In fig. 9, the tail of the pressure-relief sleeve 2 is in contact with the optical fiber, and when the optical fiber is stressed and bent, the direct stress point is formed, the greater the bending degree of the optical fiber is, the greater the interaction force of the optical fiber is, and the more easily the optical fiber is broken;

According to the utility model, the stressed part of the optical fiber is divided, the total external force is divided into different positions of the optical fiber, the first contact point bears a part of external force, the second contact point bears the rest external force, and when the total external force is inconvenient, the optical fiber in the protection device is actually subjected to smaller force, so that the effect of protecting the root part of the optical fiber in the optical module connector is realized, and the occurrence of breakage of the optical fiber due to stress is effectively avoided.

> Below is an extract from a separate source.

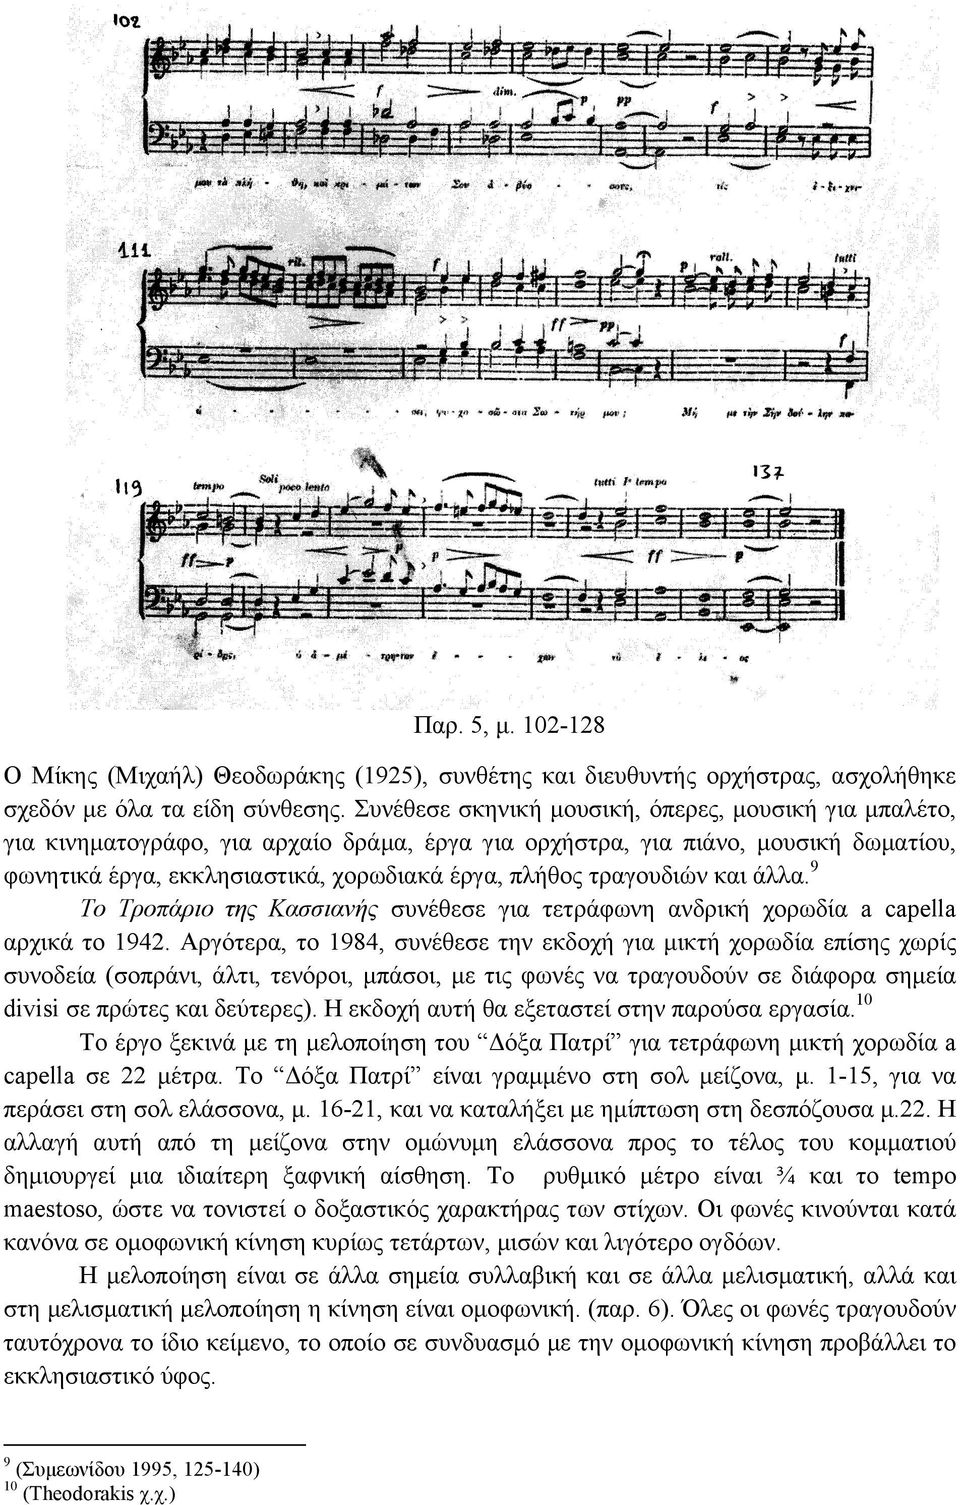 τραγουδιών και άλλα. 9 Το Τροπάριο της Κασσιανής συνέθεσε για τετράφωνη ανδρική χορωδία a capella αρχικά το 1942.

The foregoing description of the preferred embodiments of the utility model is not intended to limit the utility model to the precise form disclosed, and any such modifications, equivalents, and alternatives falling within the spirit and scope of the utility model are intended to be included within the scope of the utility model.

Claims (8)

1. Optical module connector protection device, characterized by comprising:

An optical fiber connector (1); and

A housing (3) which is arranged outside the optical fiber connector (1) and comprises a hollow shell (31), a threaded hole (32), a rectangular hole (33), a first hemispherical groove (34) and a spring piece (35), wherein,

A first hemispherical groove (34) provided in the hollow housing (31);

a screw hole (32) which is provided at one end of the hollow housing (31) and communicates with the first hemispherical groove (34);

a closure block (4) comprising a threaded block (41) and a second hemispherical groove (42), wherein,

A second hemispherical groove (42) provided in the screw block (41);

A steering block (5) comprising a first hemisphere (51), a second hemisphere (52), a positioning hole (53), a wire inlet hole (54), a positioning column (55) and a mounting hole (56), wherein,

A first hemisphere (51) and a second hemisphere (52) which can form a sphere and are arranged between the first hemispherical groove (34) and the screw block (41);

And a support tube (6) provided between the first hemisphere (51) and the second hemisphere (52).

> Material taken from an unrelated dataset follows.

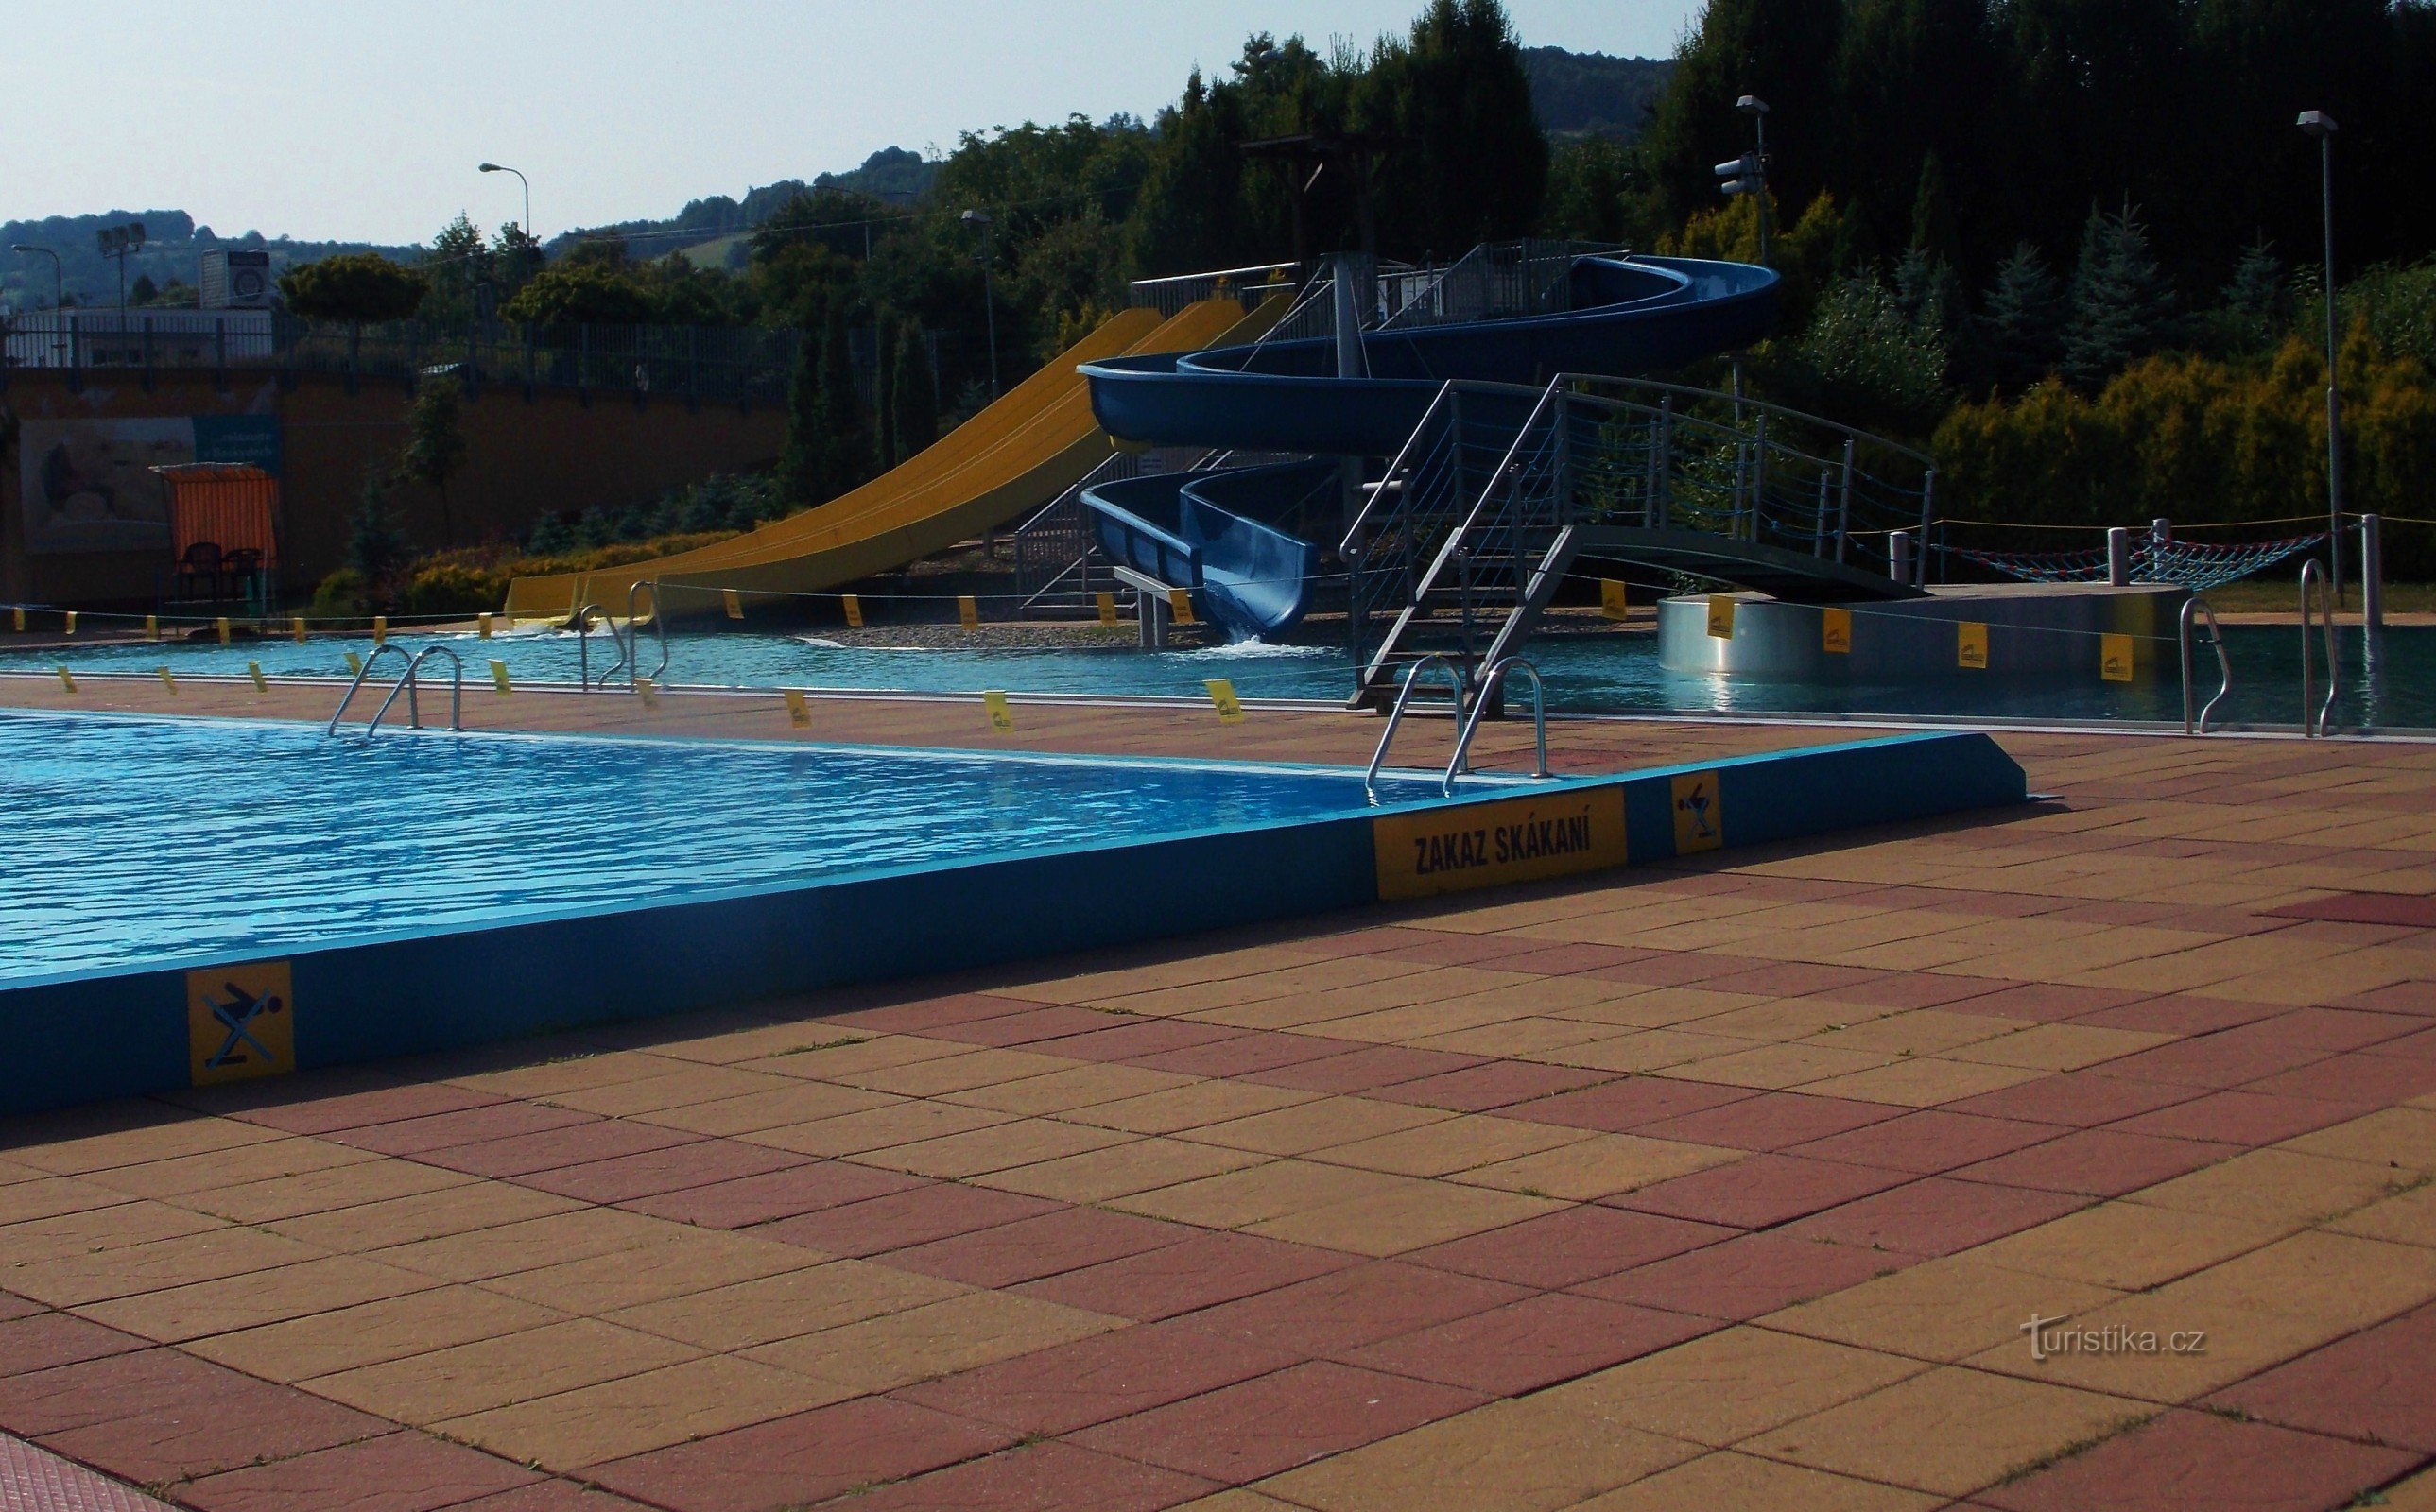 Efter svømning i den grønne swimmingpool i Zlín

2. Protection device according to claim 1, characterized in that the upper and lower surfaces of the hollow housing (31) are provided with rectangular holes (33), the inside of the rectangular holes (33) being provided with shrapnel (35).

3. Protection device according to claim 2, characterized in that the side of the spring plate (35) close to the optical fiber connector (1) is an inclined surface and extends into the hollow housing (31).

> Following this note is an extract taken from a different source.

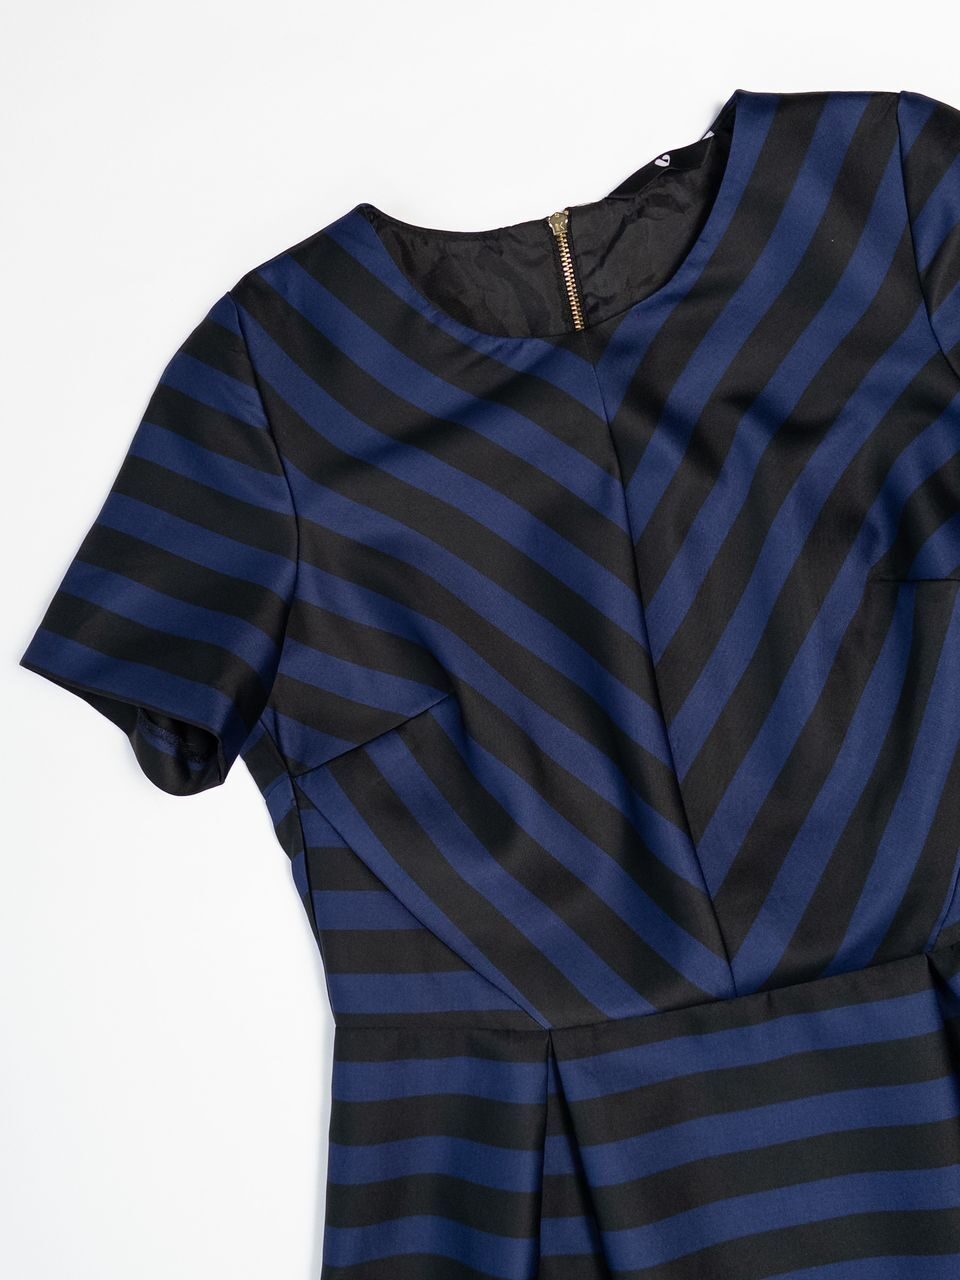 Платье из плотной ткани цвет синий /чёрный в полоску размер  UK 12 (rus 46) BY VERY

4. Protection device according to claim 1, characterized in that the threaded block (41) is screwed with the threaded hole (32).

5. The protection device according to claim 1, characterized in that the second hemispherical groove (42) and the first hemispherical groove (34) form a spherical cavity, and the first hemispherical body (51) and the second hemispherical body (52) are both provided with the interior of the spherical cavity.

6. Protection device according to claim 1, characterized in that the side of the first hemisphere (51) close to the optical fiber connector (1) is provided with a wire inlet (54), the side of the first hemisphere (51) close to the second hemisphere (52) is provided with a positioning hole (53), and the diameter of the wire inlet (54) close to the optical fiber connector (1) is larger than the diameter of the wire inlet away from the optical fiber connector (1).

7. The protection device according to claim 6, wherein the center and the outer edge of the side of the second hemisphere (52) close to the first hemisphere (51) are respectively provided with a mounting hole (56) and a positioning column (55), and the positioning column (55) extends to the inside of the positioning hole (53).

8. Protection device according to claim 7, characterized in that the support tube (6) is a rubber tube, the diameter of which on the side close to the optical fibre connector (1) is greater than the diameter of the mounting hole (56) on the side remote from the optical fibre connector (1).